Five coating systems, typical of coatings applied to equipment and structures located in the contaminant buildings of PWR plants, were tested. The effects of chip size, shape, density, thickness, stream velocity, water saturation, and thermal curing on transportability were examined through two types of tests – quiescent settling and transport within uniform flow. The quiescent settling tests were conducted in a 0.3 m wide by 0.3 m long by 1.2 m deep (one foot wide by one foot long by four foot deep) acrylic tank. The goals of the quiescent water tests were to determine: (1) the time necessary for coating chips dropped onto the water surface to break the surface and begin to sink (time-to-sink tests), and (2) to determine the terminal settling velocity of submerged coating chips (terminal velocity tests). The transport tests were conducted in a 0.91 m wide by 0.91 m deep by 9.1 m long (three foot wide by three foot deep by thirty foot long) acrylic flume suspended in a large circulating water channel. The goal of the transport tests was to characterize the behavior of coating chips in moving water. The tests consisted of a tumbling-velocity test to study the behavior of coating chips placed on the flume floor and a steady-state velocity test to study the behavior of coatings debris released into the moving stream below the water surface. A statistically meaningful number of data tests were conducted for each coating type, chip size and chip shape in each test category in order to more accurately quantify observations.

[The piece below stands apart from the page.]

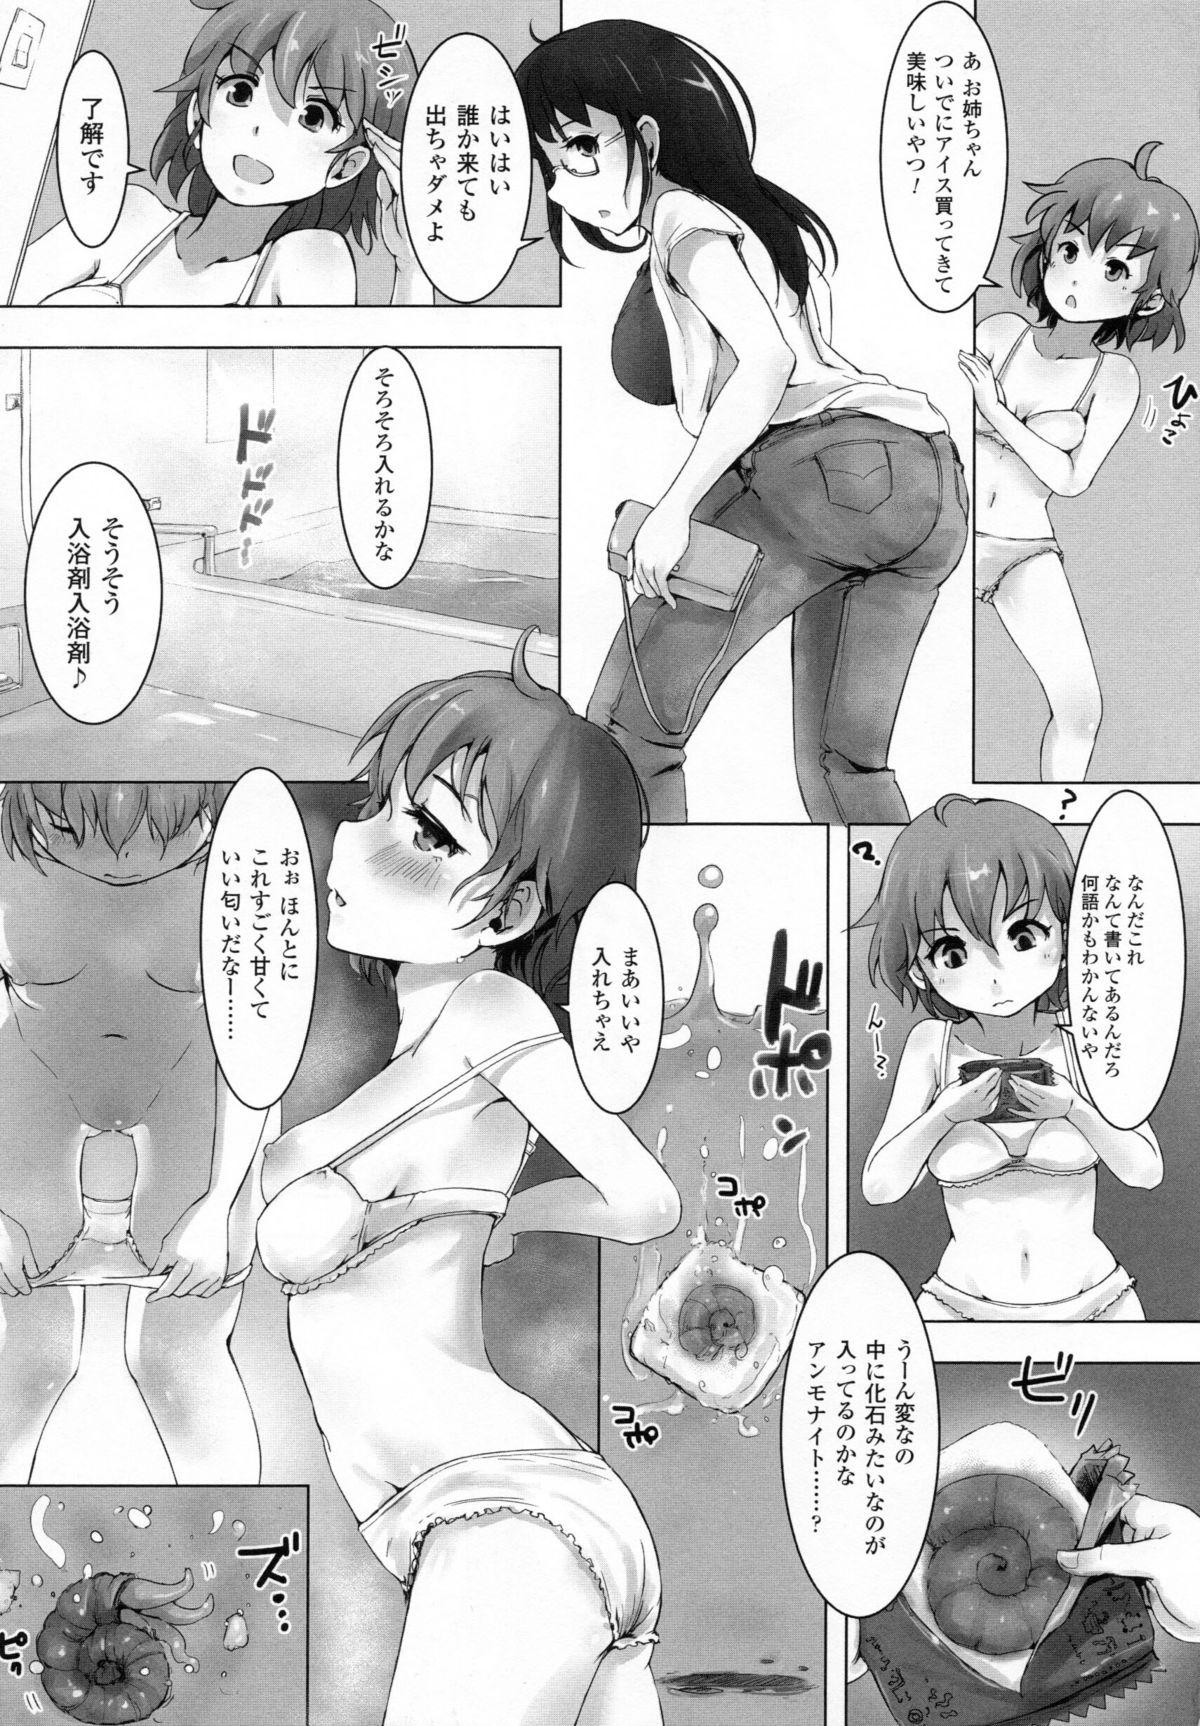 Chica 2D Dream Comic Magazine Moshimo Gendai Nippon ni Shokushu ga Arawaretara 19yo - Page 9

The quiescent tests demonstrated that, when dropped onto the water surface, coating chips with a density close to that of water tended to remain on the surface indefinitely and heavier chips tended to sink almost immediately. The tumbling velocity tests demonstrated that all but the lightest chips and curled chips remained in their initial position at stream velocities in excess of 0.09 m/s (0.3 ft/s). The steady-state velocity test demonstrated that, at a uniform water velocity of 0.06 m/s (0.2 ft/s), all but the lightest chips settled to the bottom before reaching the end of the flume.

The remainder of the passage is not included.